La première mouture de l’article 24 aurait donc pallié, selon ses dires, cette insuffisance. Sa nouvelle formulation, créant un nouveau délit de provocation à l’identification, risquerait quant à elle, «par son imprécision, de ne mener à rien». En définitive, l’entre-deux trouvé par la commission du Parlement pourrait ne satisfaire aucun parti.

Trouver le bon équilibre

Syndicats de journalistes et associations de défense des libertés publiques étaient montés au créneau lors de l’arrivée de la première proposition de loi au Parlement. Le mouvement de contestation avait contraint le gouvernement à faire un pas en arrière, reconnaissant l’opacité du texte et de ce fait une large marge d’interprétation. «Parce qu’il y a du flou, et donc peut-être un loup, on fait le choix de la transparence et de remettre à plat», admettait Christophe Castaner, chef des députés LREM.

​Une levée de boucliers qui a expurgé, dans le nouveau texte, la référence à la loi sur la liberté de la presse de 1881. «C’était une formule maladroite et il était nécessaire de l’enlever», reconnaît Grégory Joron. L’objectif, selon lui, n’est pas d’empêcher les journalistes de faire leur travail ni de porter atteinte à la liberté d’informer. Mais le policier refuse de sacrifier la sécurité de ses collègues:

«Il faut trouver un juste équilibre entre les deux impératifs que sont la liberté de la presse et celle de la protection des policiers. L’appel au lynchage des flics n’est pas une liberté», tranche le CRS.

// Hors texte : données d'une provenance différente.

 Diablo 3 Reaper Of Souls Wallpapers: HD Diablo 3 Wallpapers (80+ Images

De leur côté, les opposants à l’article 24 craignent les excès d’un tel texte. La diffusion des vidéos de violences policières lors des manifestations de Gilets jaunes avait participé à leur prise en compte dans le débat public, notamment de l’emploi excessif des LBD.

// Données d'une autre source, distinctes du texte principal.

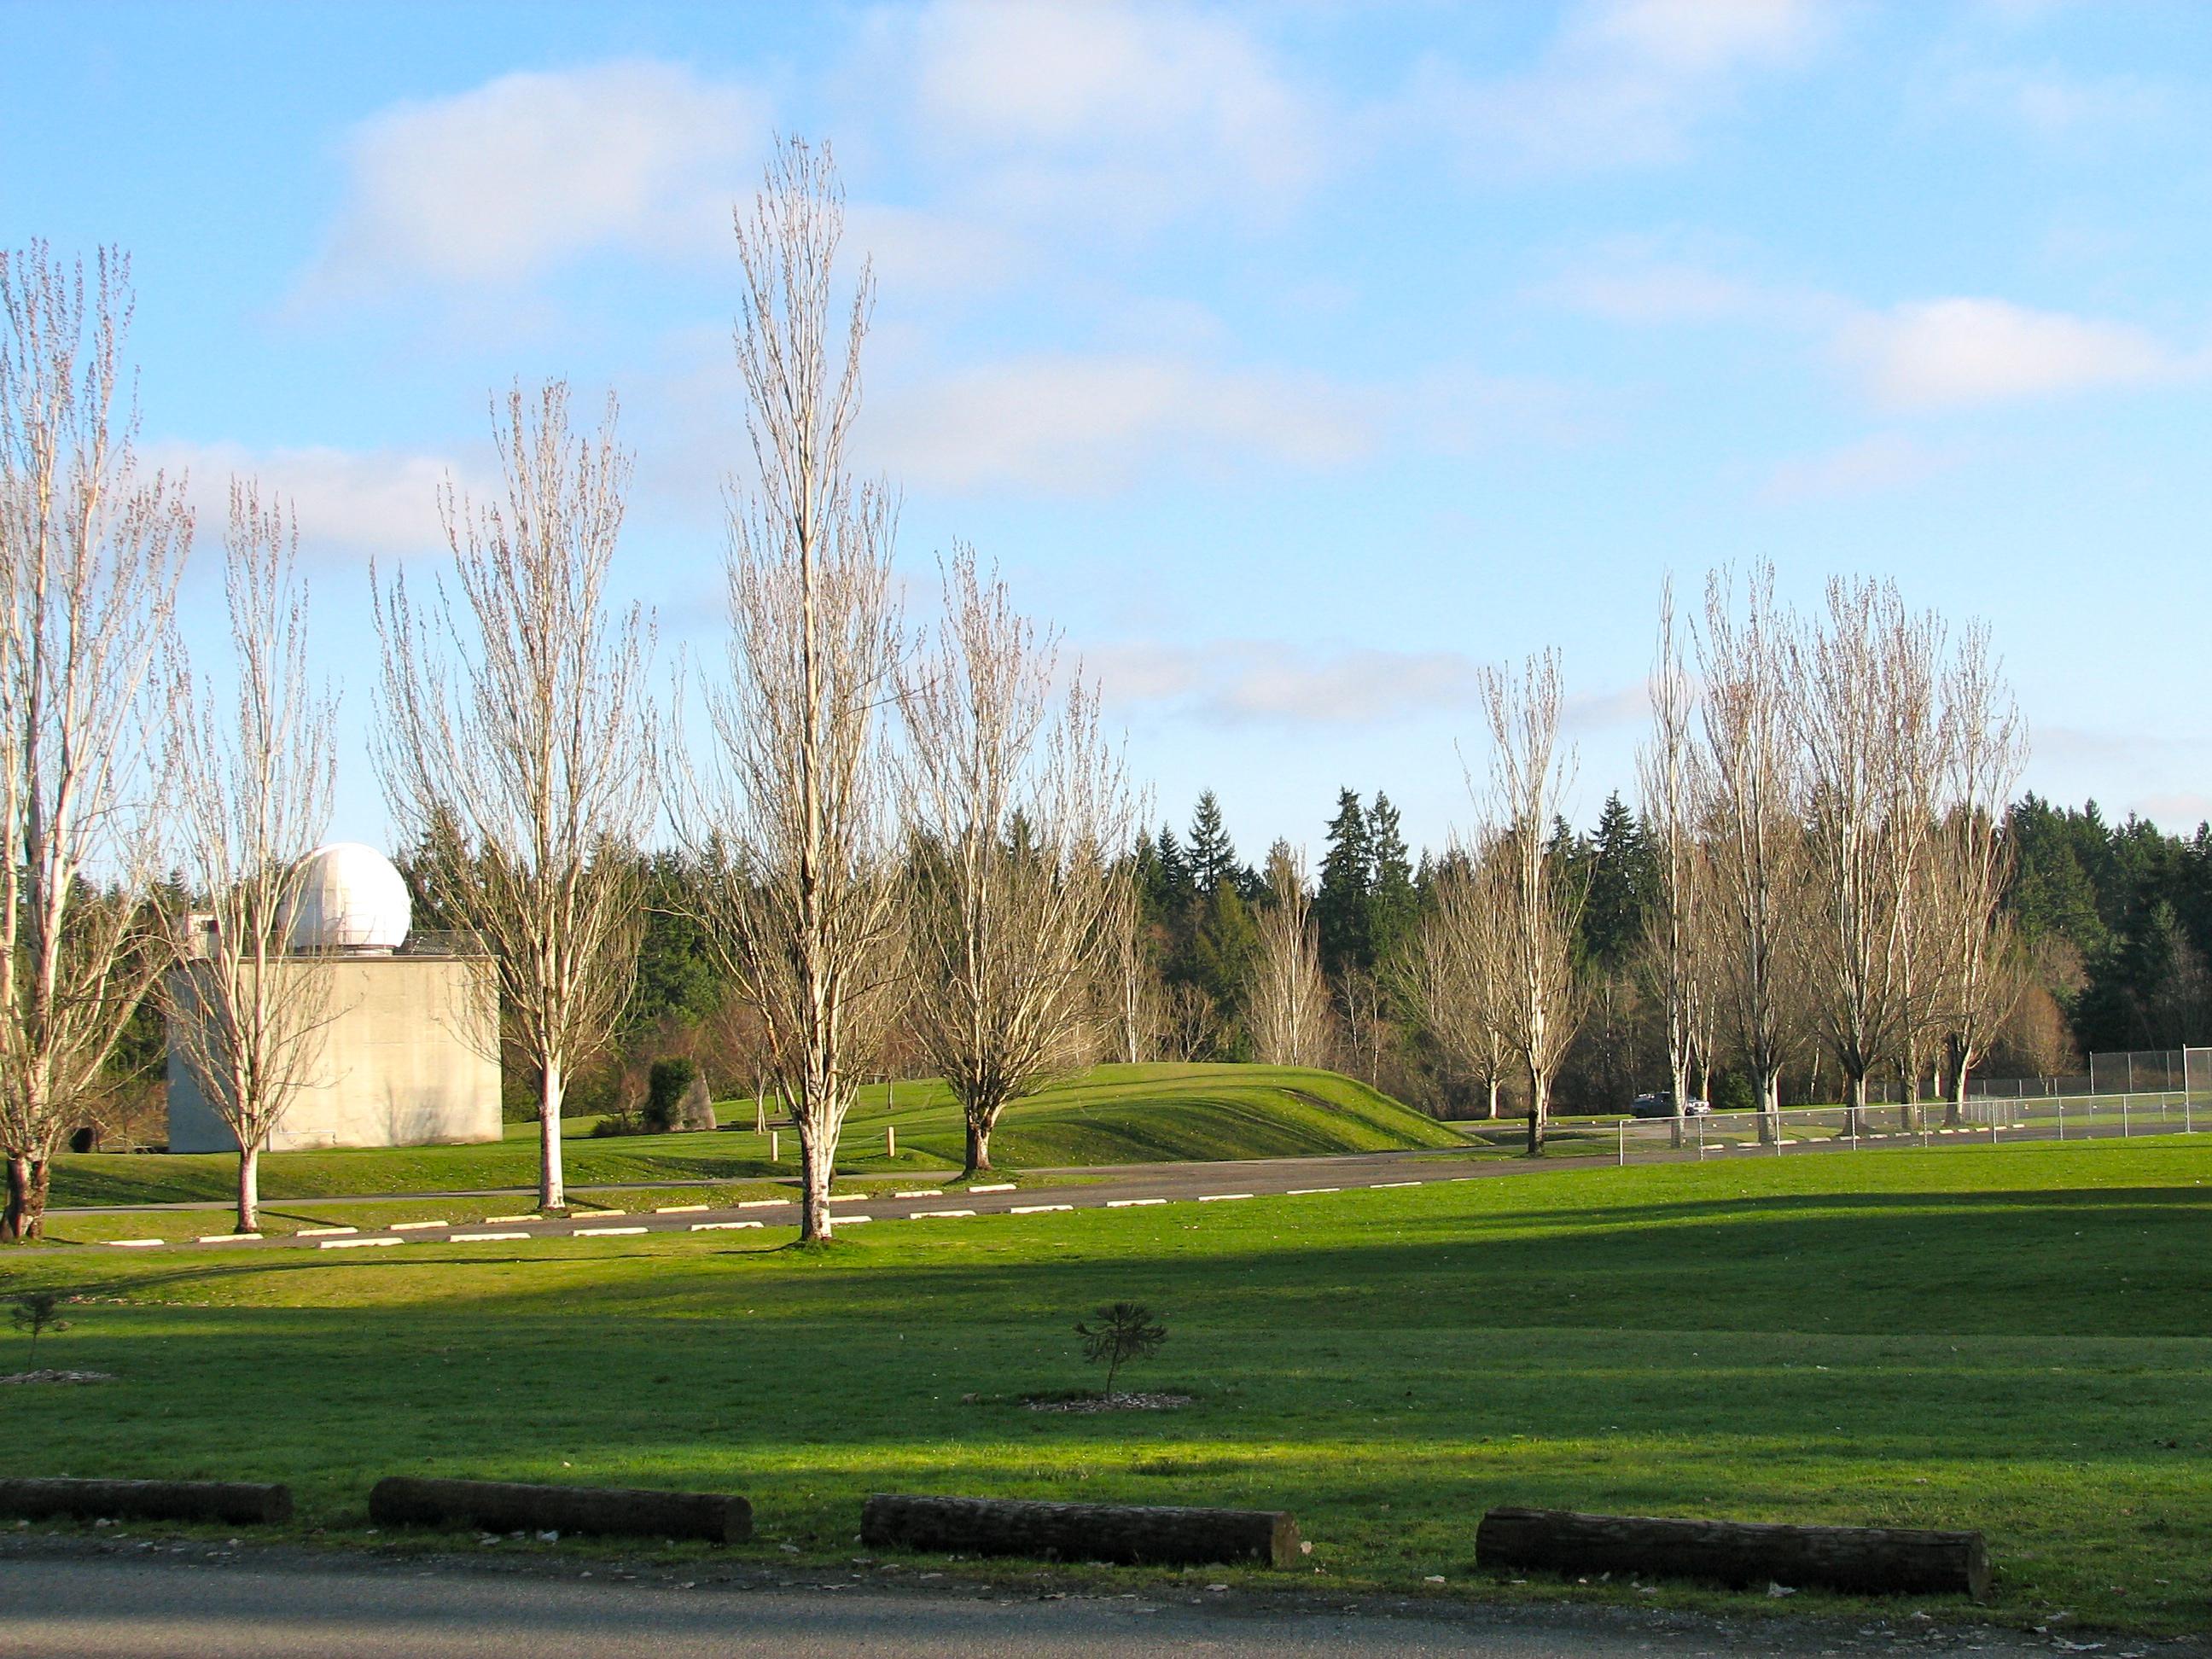 The Ritchie Observatory at Battle Point Park on Bainbridge Island.

​Deux jours après l’adoption du texte par l’Assemblée nationale, la diffusion d’une vidéo de l’interpellation du musicien Michel Zecler avait nourri l’argumentation des opposants à la loi. Après son adoption à l’Assemblée nationale le 24 novembre 2020, le Sénat entamait comme annoncé une série d’amendements du texte et le gouvernement rétropédalait.

«Il est possible pour la presse de diffuser des images d’opérations en floutant les visages. Ce qui permettrait de protéger, mais aussi de respecter la présomption d’innocence des forces de l’ordre, chaque jour un peu plus entamée. Et sans rien enlever à la vidéo. Le contenu intégral serait d’ailleurs entre les mains de la justice», précise Grégory Joron.

Une fois la proposition de loi votée, le Président de la République disposera de 15 jours avant d’acter sa promulgation. L’article 24 passera néanmoins, lui, devant le Conseil constitutionnel.